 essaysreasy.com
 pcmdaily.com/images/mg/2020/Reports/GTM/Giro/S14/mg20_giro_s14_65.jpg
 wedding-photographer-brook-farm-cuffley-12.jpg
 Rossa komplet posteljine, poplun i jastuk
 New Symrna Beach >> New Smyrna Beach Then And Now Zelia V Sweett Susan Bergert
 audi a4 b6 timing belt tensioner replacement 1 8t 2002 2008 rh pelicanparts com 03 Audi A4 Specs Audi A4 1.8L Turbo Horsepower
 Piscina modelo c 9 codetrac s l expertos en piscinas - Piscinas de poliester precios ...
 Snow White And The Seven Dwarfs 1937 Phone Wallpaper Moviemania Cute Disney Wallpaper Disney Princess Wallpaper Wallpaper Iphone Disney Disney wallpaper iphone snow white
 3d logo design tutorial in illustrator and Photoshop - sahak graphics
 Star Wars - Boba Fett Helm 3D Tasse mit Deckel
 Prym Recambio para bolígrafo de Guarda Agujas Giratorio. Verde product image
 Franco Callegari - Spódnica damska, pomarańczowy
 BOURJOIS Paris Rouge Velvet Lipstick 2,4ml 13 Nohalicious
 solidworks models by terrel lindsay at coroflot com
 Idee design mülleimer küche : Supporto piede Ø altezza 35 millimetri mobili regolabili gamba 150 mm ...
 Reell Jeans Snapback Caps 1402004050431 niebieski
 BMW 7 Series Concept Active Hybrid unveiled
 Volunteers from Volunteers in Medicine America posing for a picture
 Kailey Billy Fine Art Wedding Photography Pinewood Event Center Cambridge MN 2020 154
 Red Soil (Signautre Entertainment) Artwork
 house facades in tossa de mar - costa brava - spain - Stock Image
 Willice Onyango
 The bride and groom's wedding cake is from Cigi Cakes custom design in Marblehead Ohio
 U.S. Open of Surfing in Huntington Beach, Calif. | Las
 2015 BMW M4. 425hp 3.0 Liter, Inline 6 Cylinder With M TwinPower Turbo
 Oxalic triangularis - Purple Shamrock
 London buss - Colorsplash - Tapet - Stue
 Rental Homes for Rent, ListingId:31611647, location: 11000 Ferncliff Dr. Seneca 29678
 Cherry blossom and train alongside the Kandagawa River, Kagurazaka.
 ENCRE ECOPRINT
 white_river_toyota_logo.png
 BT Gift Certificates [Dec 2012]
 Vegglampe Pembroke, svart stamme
+---+
» ACTIVITY: The material above must be output in full. Keep every word as it is.

» ANSWER SECTION:
 essaysreasy.com
 pcmdaily.com/images/mg/2020/Reports/GTM/Giro/S14/mg20_giro_s14_65.jpg
 wedding-photographer-brook-farm-cuffley-12.jpg
 Rossa komplet posteljine, poplun i jastuk
 New Symrna Beach >> New Smyrna Beach Then And Now Zelia V Sweett Susan Bergert
 audi a4 b6 timing belt tensioner replacement 1 8t 2002 2008 rh pelicanparts com 03 Audi A4 Specs Audi A4 1.8L Turbo Horsepower
 Piscina modelo c 9 codetrac s l expertos en piscinas - Piscinas de poliester precios ...
 Snow White And The Seven Dwarfs 1937 Phone Wallpaper Moviemania Cute Disney Wallpaper Disney Princess Wallpaper Wallpaper Iphone Disney Disney wallpaper iphone snow white
 3d logo design tutorial in illustrator and Photoshop - sahak graphics
 Star Wars - Boba Fett Helm 3D Tasse mit Deckel
 Prym Recambio para bolígrafo de Guarda Agujas Giratorio. Verde product image
 Franco Callegari - Spódnica damska, pomarańczowy
 BOURJOIS Paris Rouge Velvet Lipstick 2,4ml 13 Nohalicious
 solidworks models by terrel lindsay at coroflot com
 Idee design mülleimer küche : Supporto piede Ø altezza 35 millimetri mobili regolabili gamba 150 mm ...
 Reell Jeans Snapback Caps 1402004050431 niebieski
 BMW 7 Series Concept Active Hybrid unveiled
 Volunteers from Volunteers in Medicine America posing for a picture
 Kailey Billy Fine Art Wedding Photography Pinewood Event Center Cambridge MN 2020 154
 Red Soil (Signautre Entertainment) Artwork
 house facades in tossa de mar - costa brava - spain - Stock Image
 Willice Onyango
 The bride and groom's wedding cake is from Cigi Cakes custom design in Marblehead Ohio
 U.S. Open of Surfing in Huntington Beach, Calif. | Las
 2015 BMW M4. 425hp 3.0 Liter, Inline 6 Cylinder With M TwinPower Turbo
 Oxalic triangularis - Purple Shamrock
 London buss - Colorsplash - Tapet - Stue
 Rental Homes for Rent, ListingId:31611647, location: 11000 Ferncliff Dr. Seneca 29678
 Cherry blossom and train alongside the Kandagawa River, Kagurazaka.
 ENCRE ECOPRINT
 white_river_toyota_logo.png
 BT Gift Certificates [Dec 2012]
 Vegglampe Pembroke, svart stamme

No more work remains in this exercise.